_WHAT IS NEEDED_
Omit all pictures and transcribe only the lines in the entries below that run from the line with "anime wallpapers and" through the line with "Happy Planner Watercolour".

DATA SHOWN below:

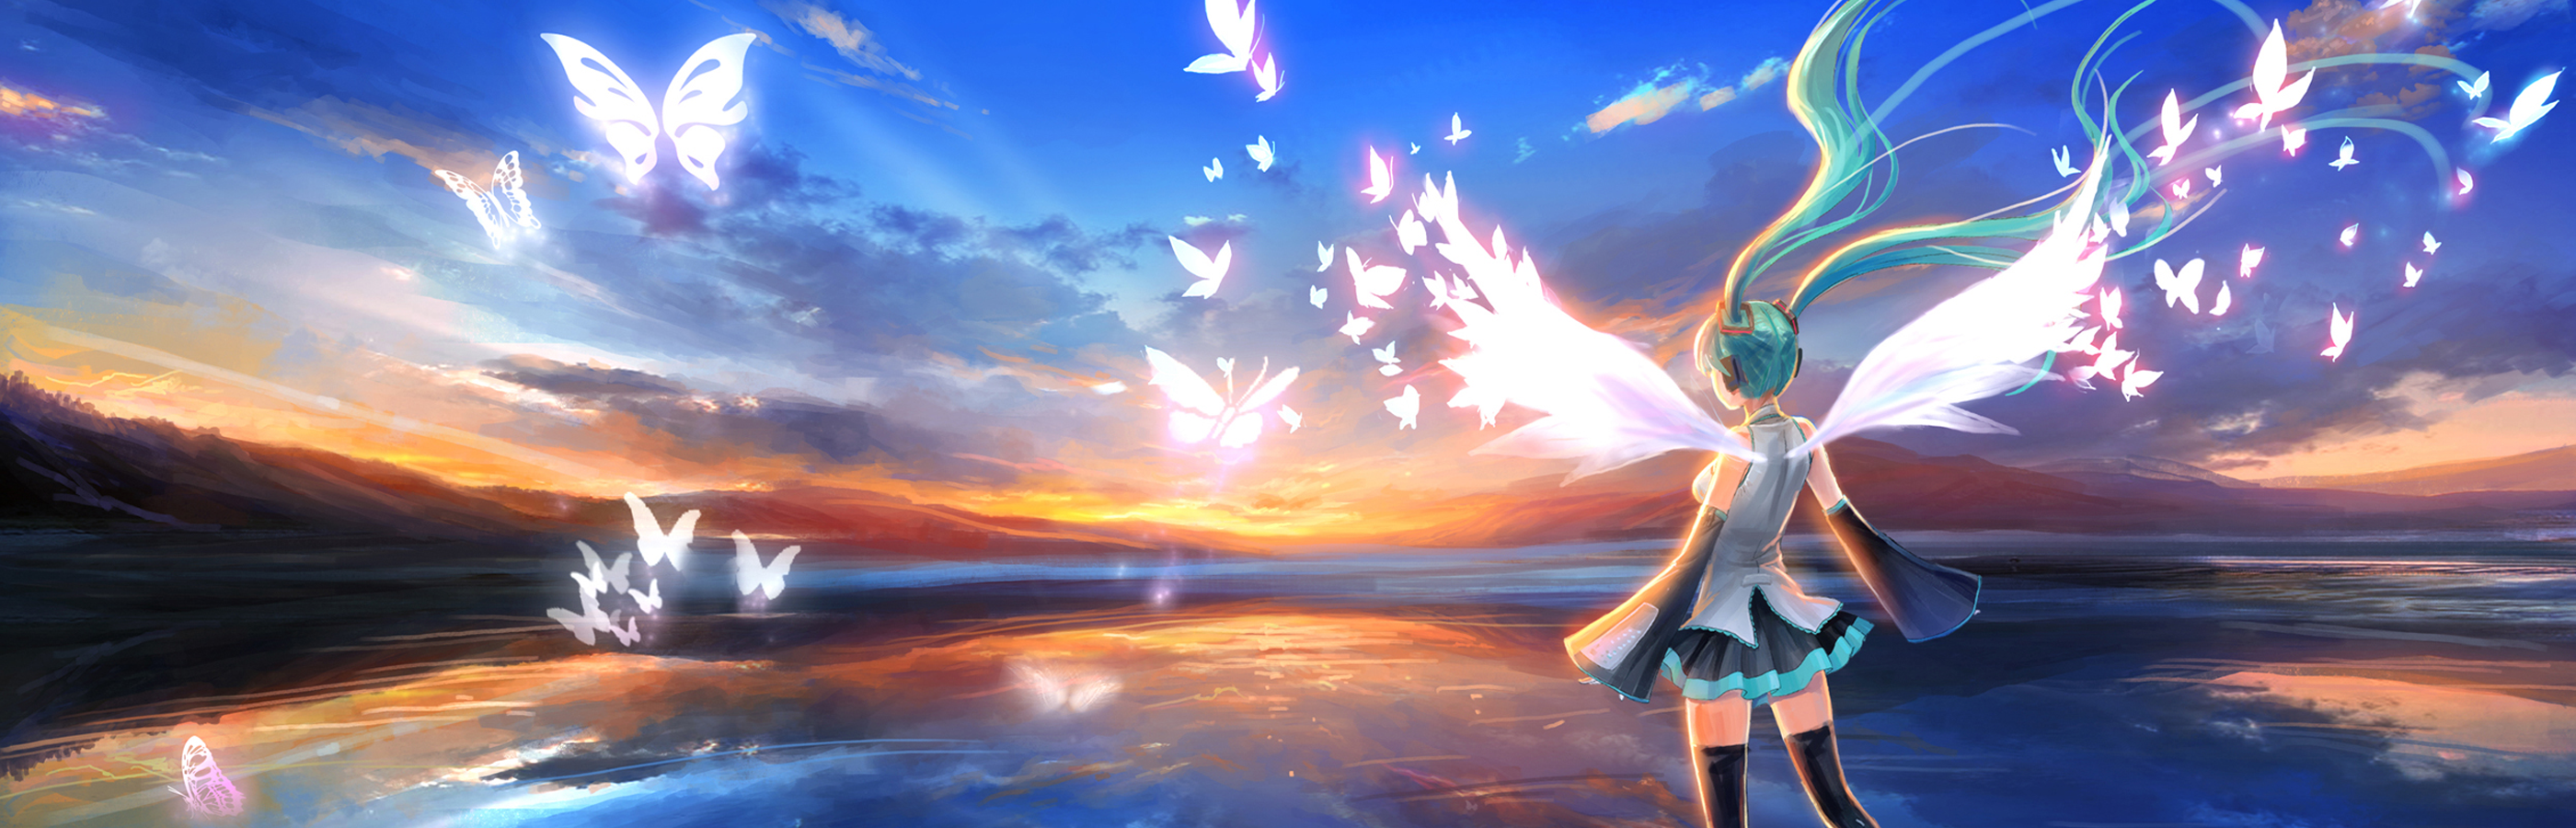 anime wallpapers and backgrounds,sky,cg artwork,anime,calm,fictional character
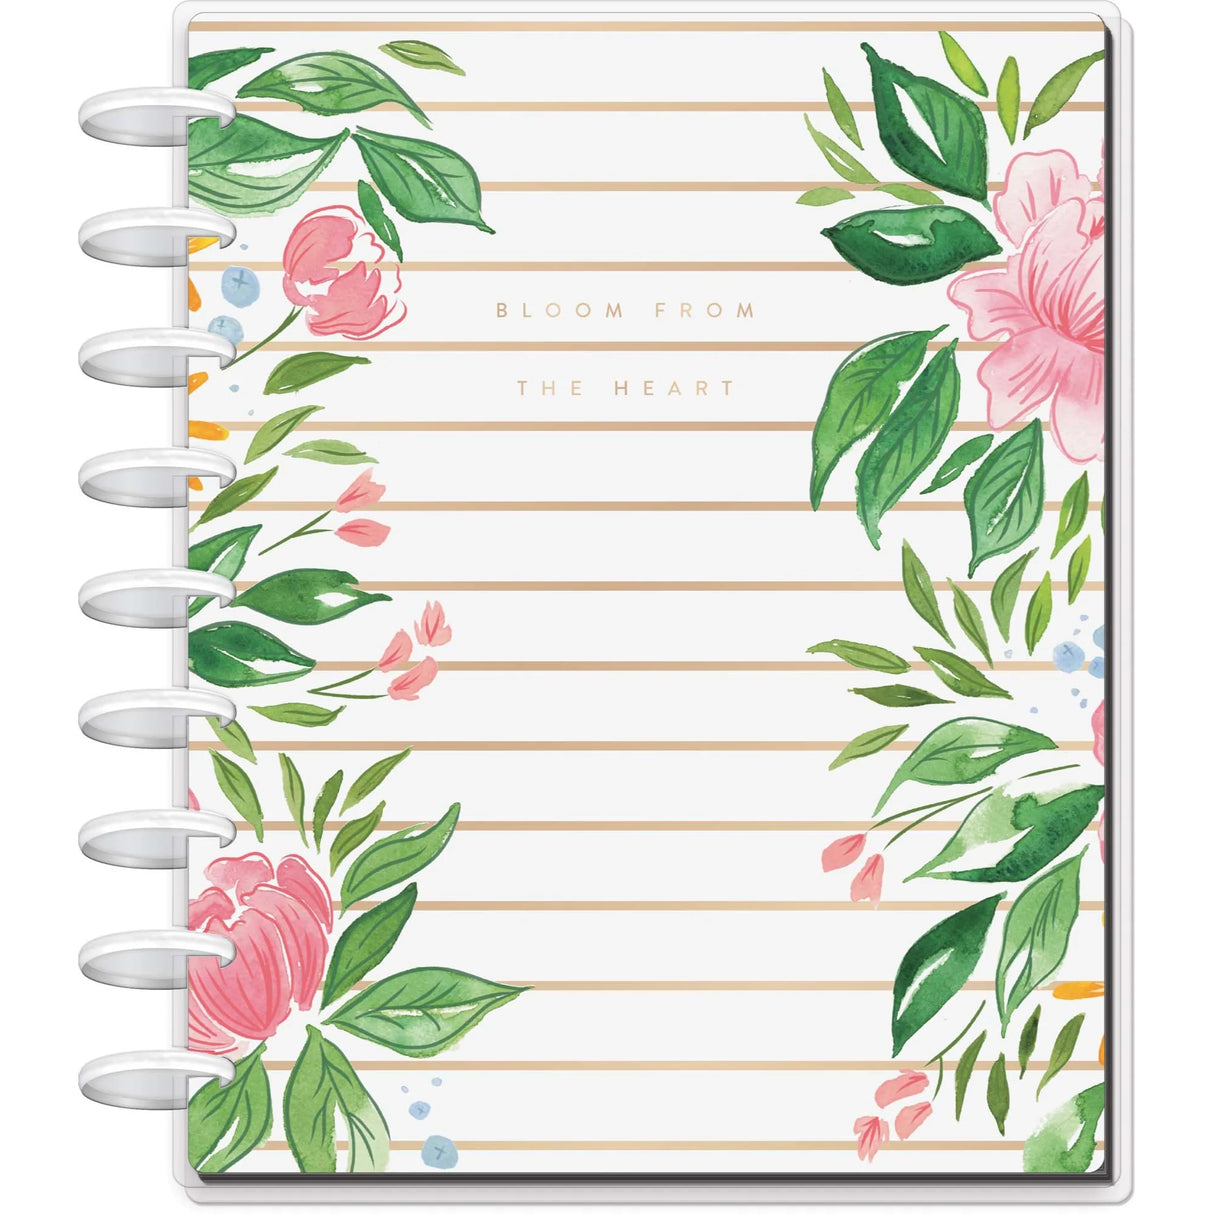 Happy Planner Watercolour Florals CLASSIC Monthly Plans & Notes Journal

End of DATA SHOWN.
DATA SHOWN below:

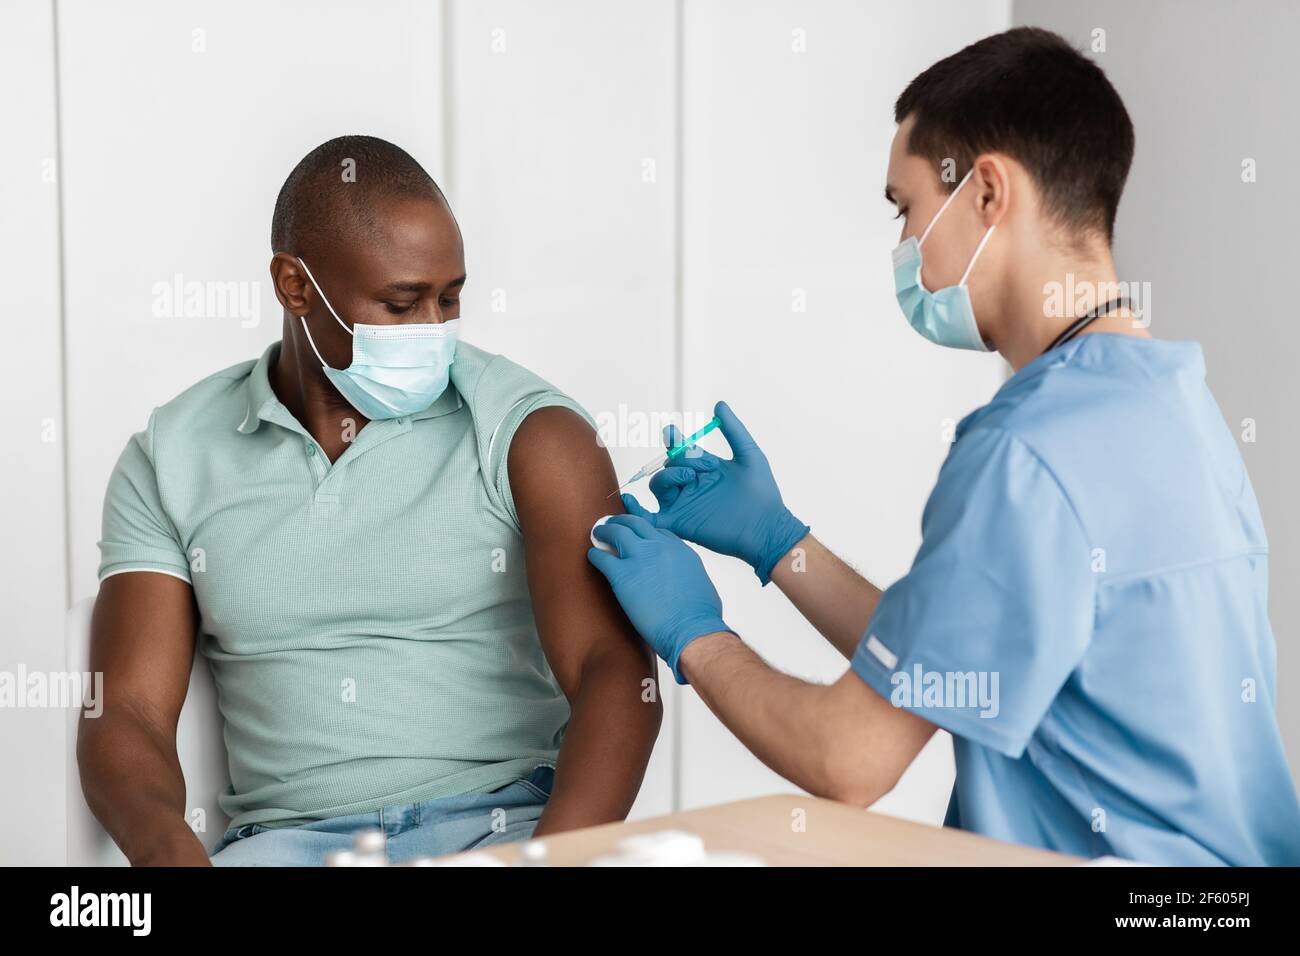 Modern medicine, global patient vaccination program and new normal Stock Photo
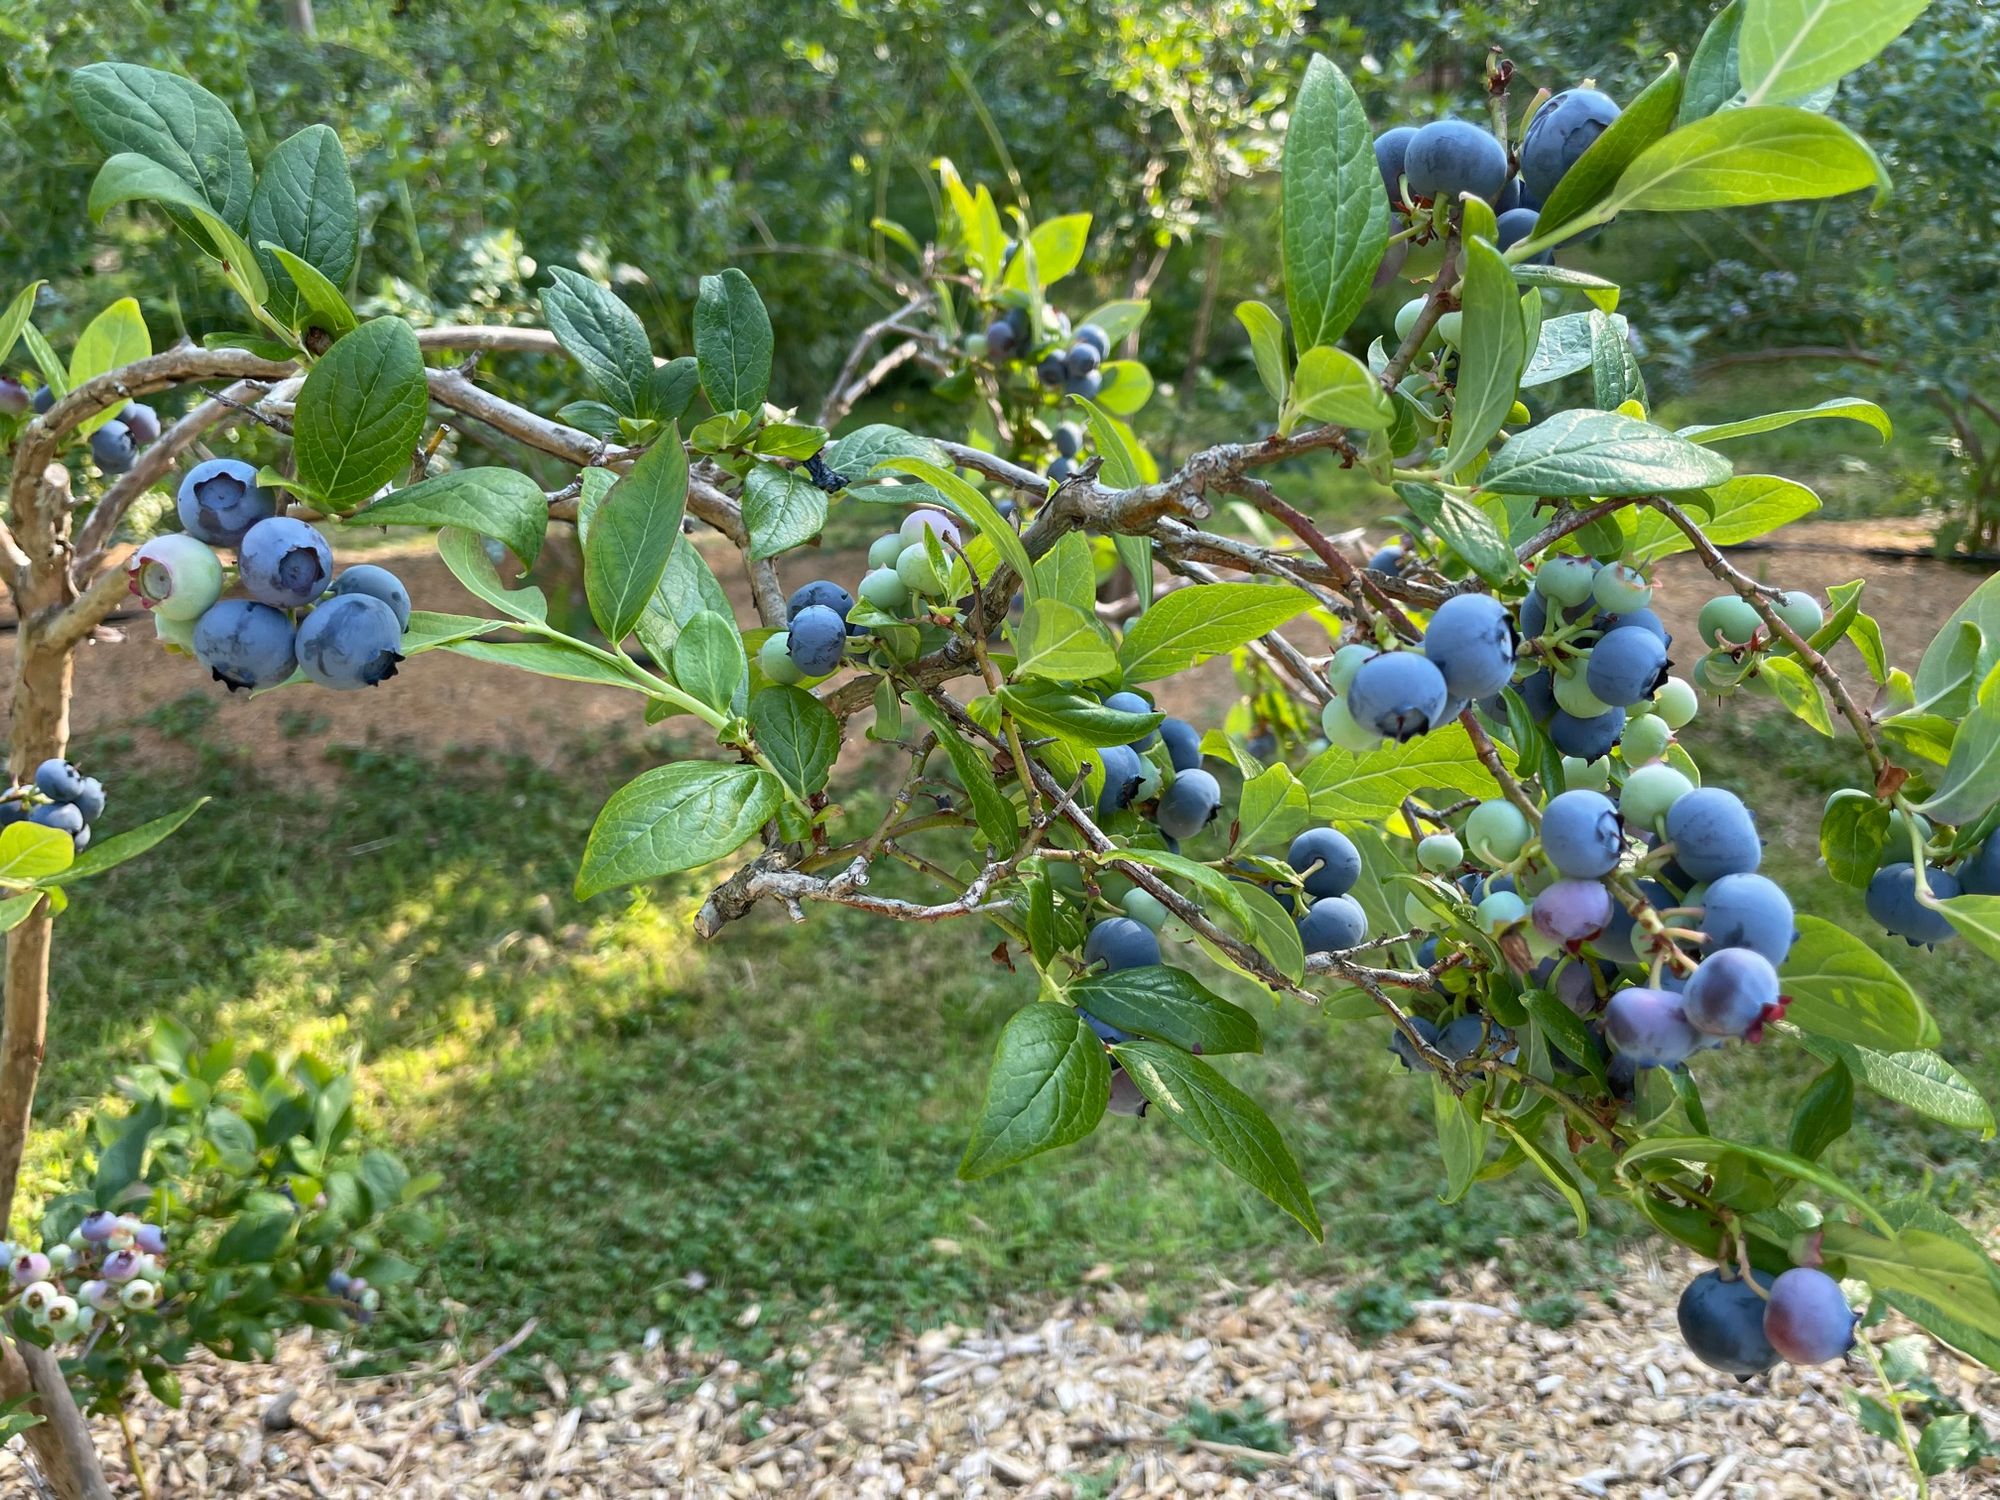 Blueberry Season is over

End of DATA SHOWN.

_ANSWER AREA_
 anime wallpapers and backgrounds,sky,cg artwork,anime,calm,fictional character
 Happy Planner Watercolour Florals CLASSIC Monthly Plans & Notes Journal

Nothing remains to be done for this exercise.